*What is required:* Each line from the one containing "Javascript Packs Folder" to the end of the data must be copied exactly, the first and last included; no other lines and no pictures belong in the copy.

*Supplied data:*
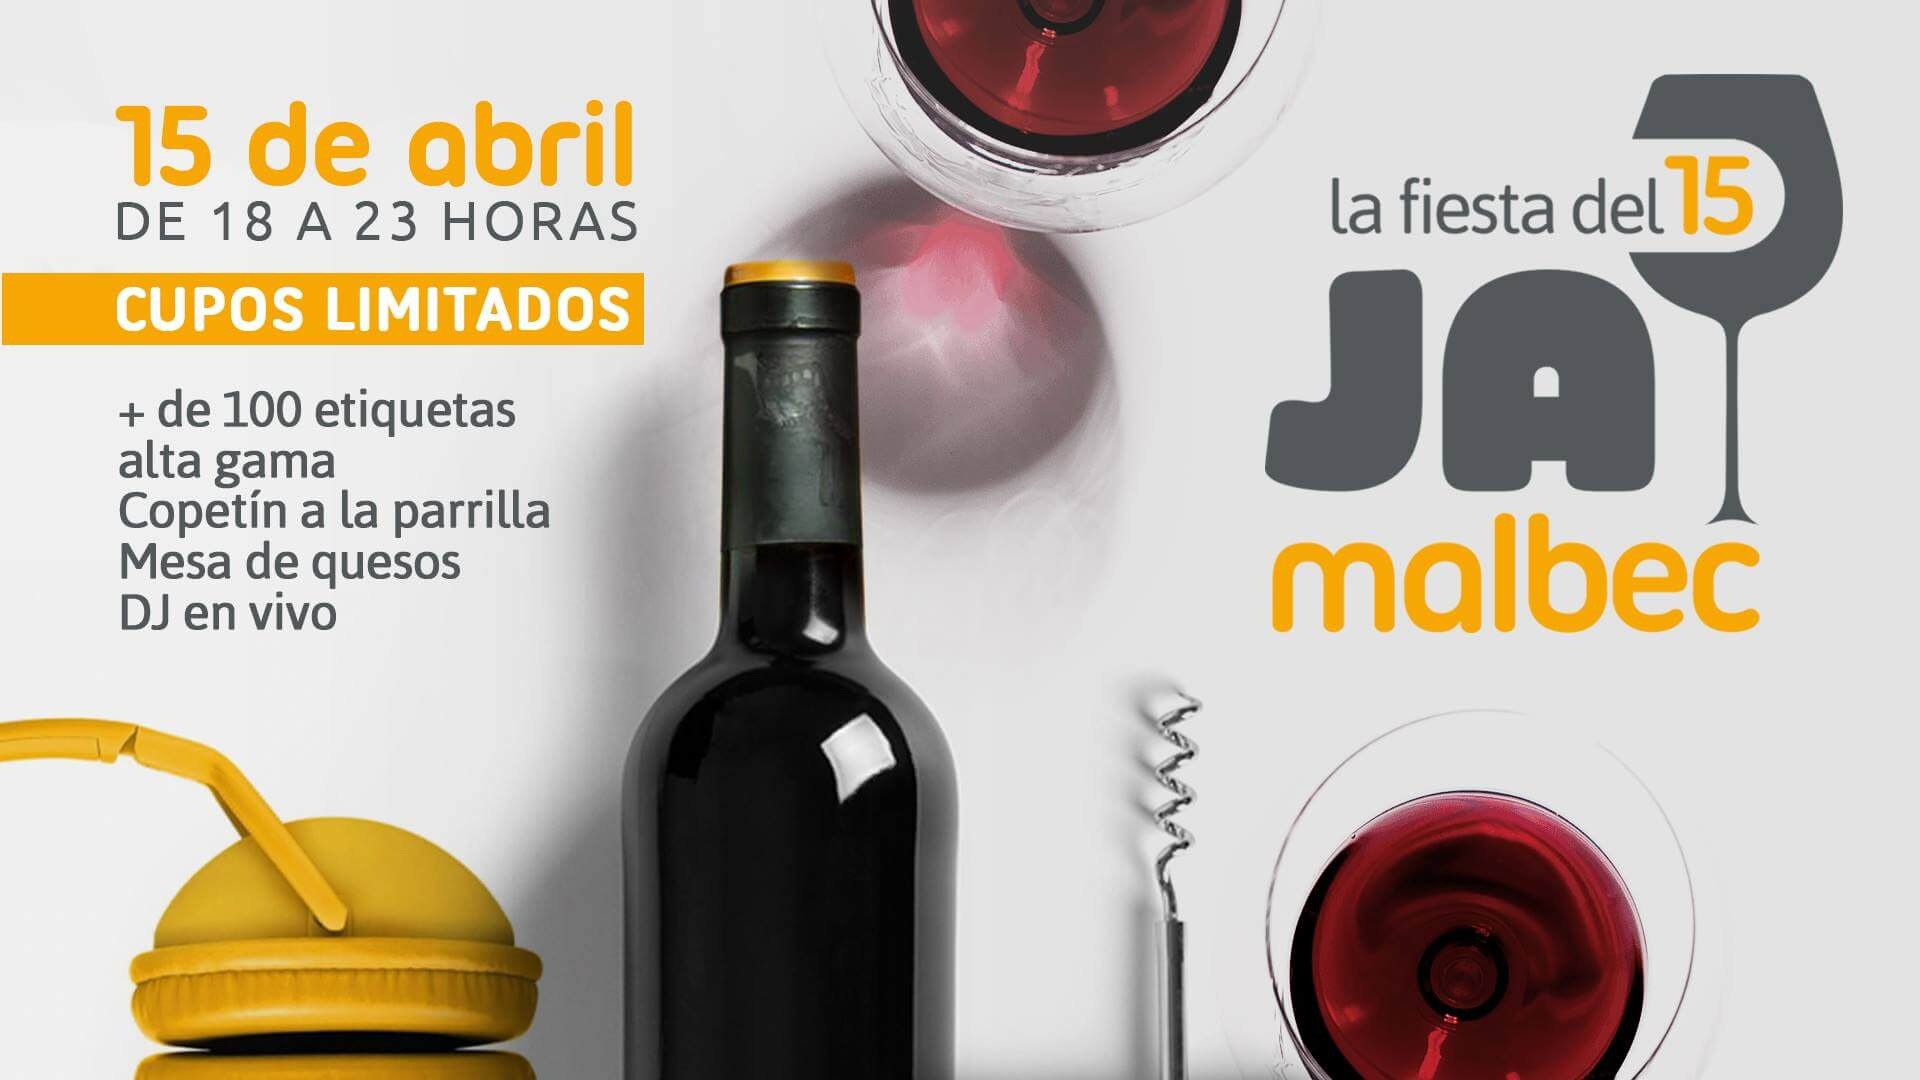 Celebrating Malbec World Day in Buenos Aires at Ja! Lo de Joaquin Alberdi Wines
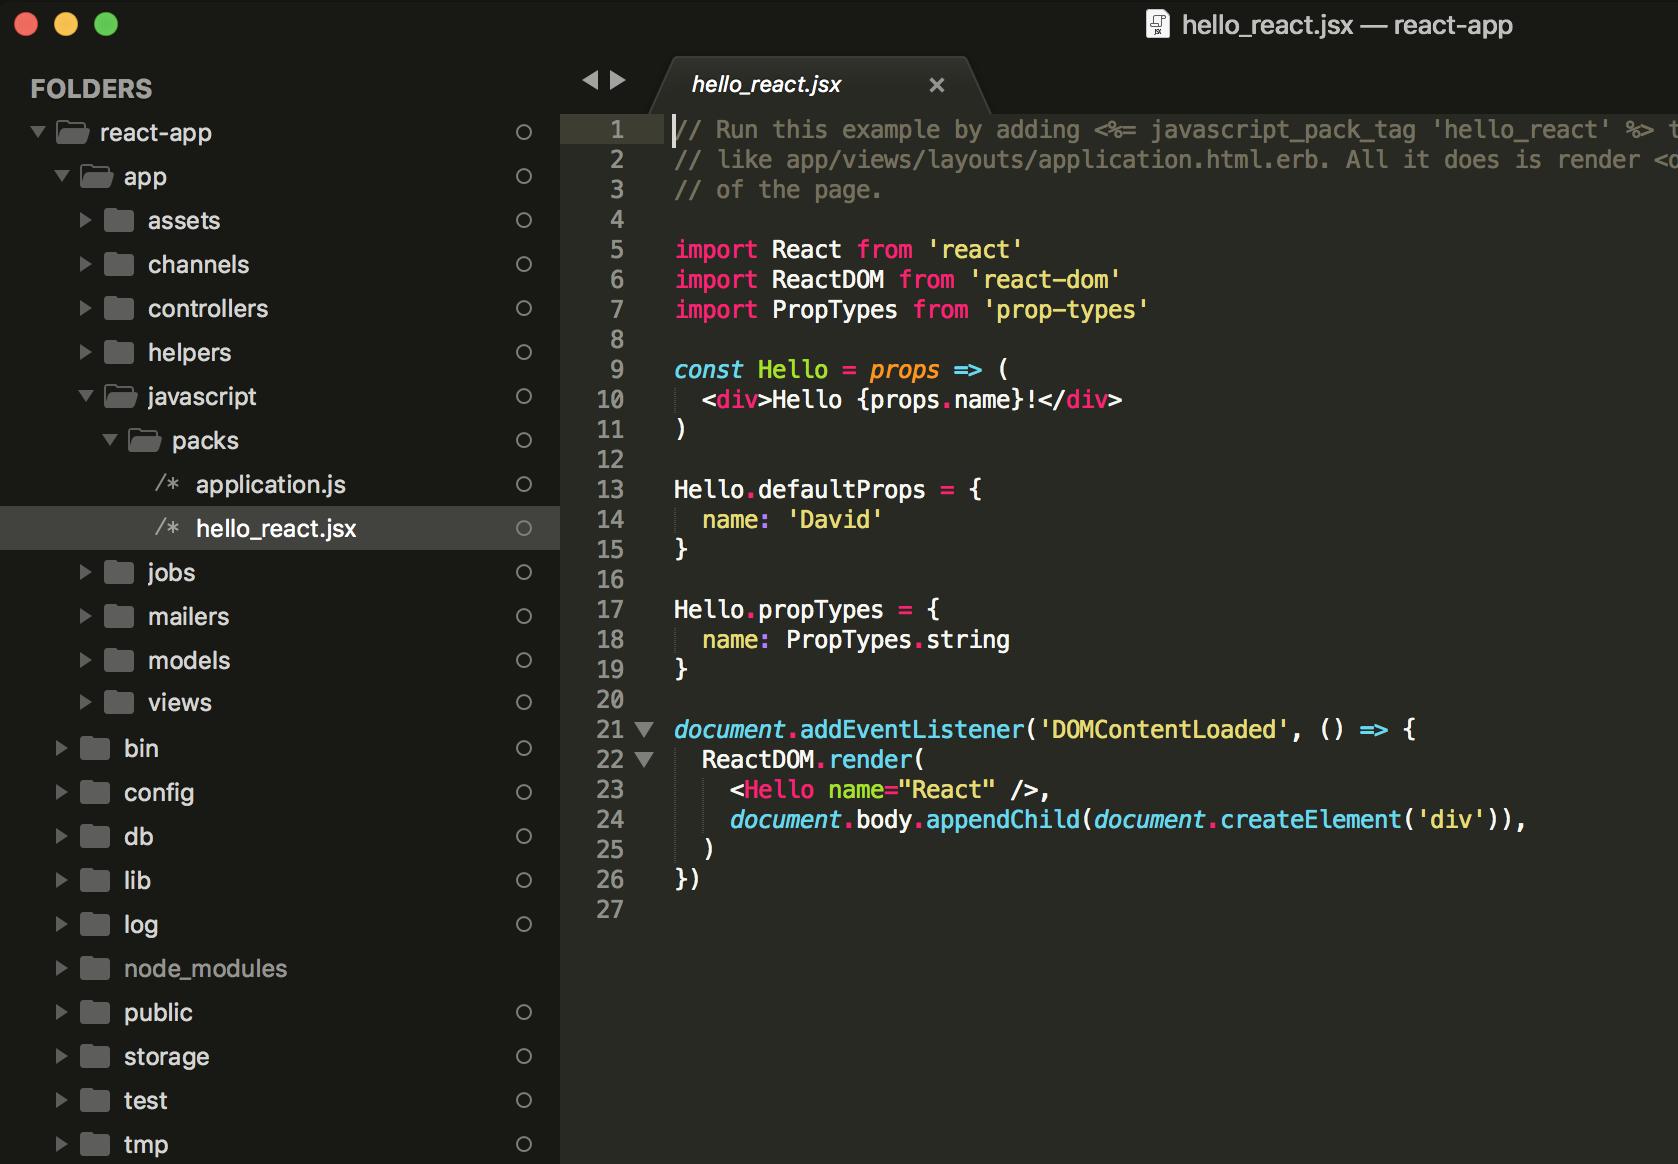 Javascript Packs Folder
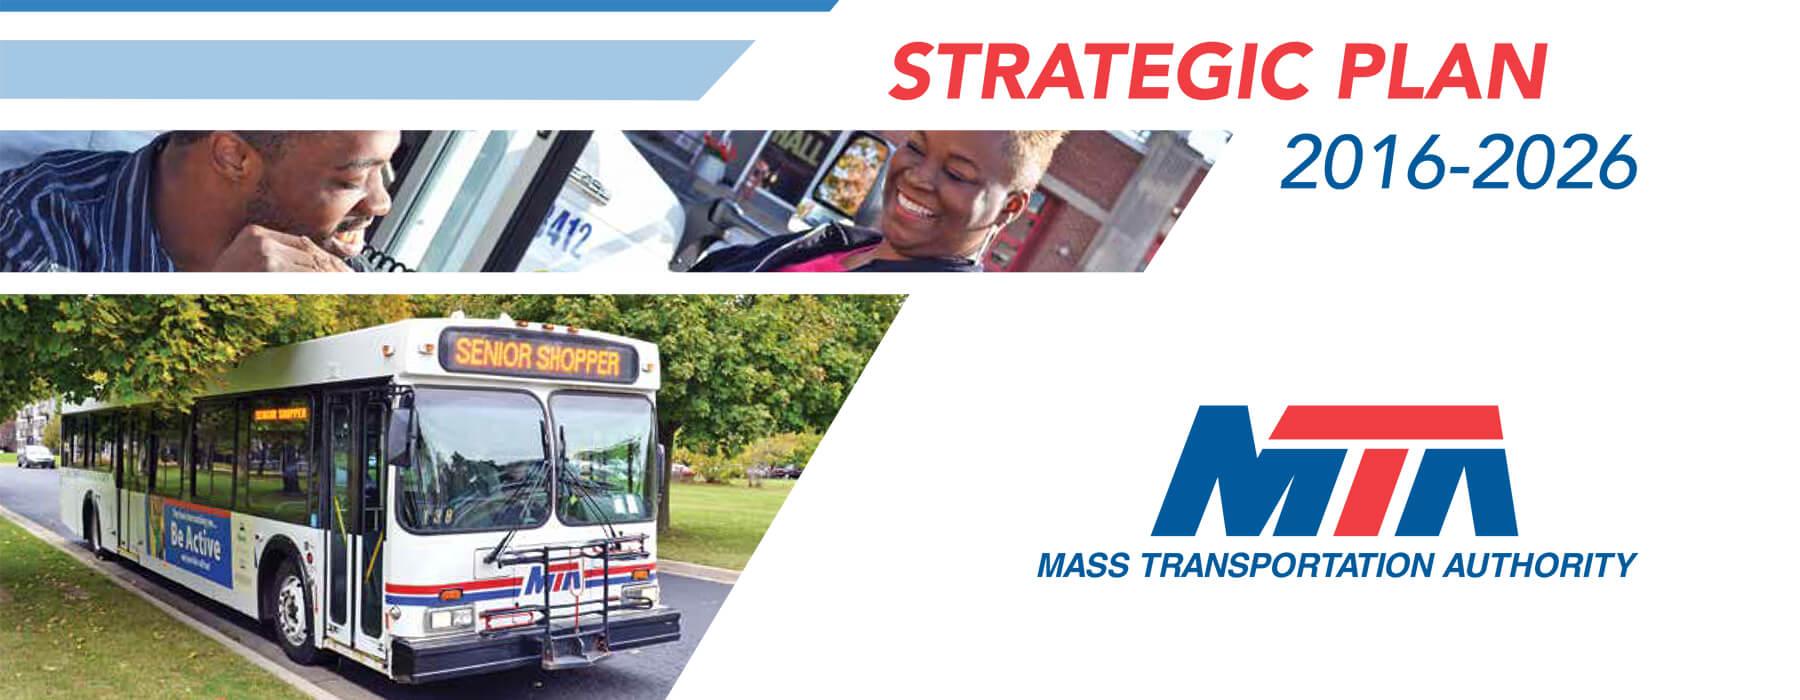 MTA Strategic Plan 2016-2026

*Answer for the task:*
 Javascript Packs Folder
 MTA Strategic Plan 2016-2026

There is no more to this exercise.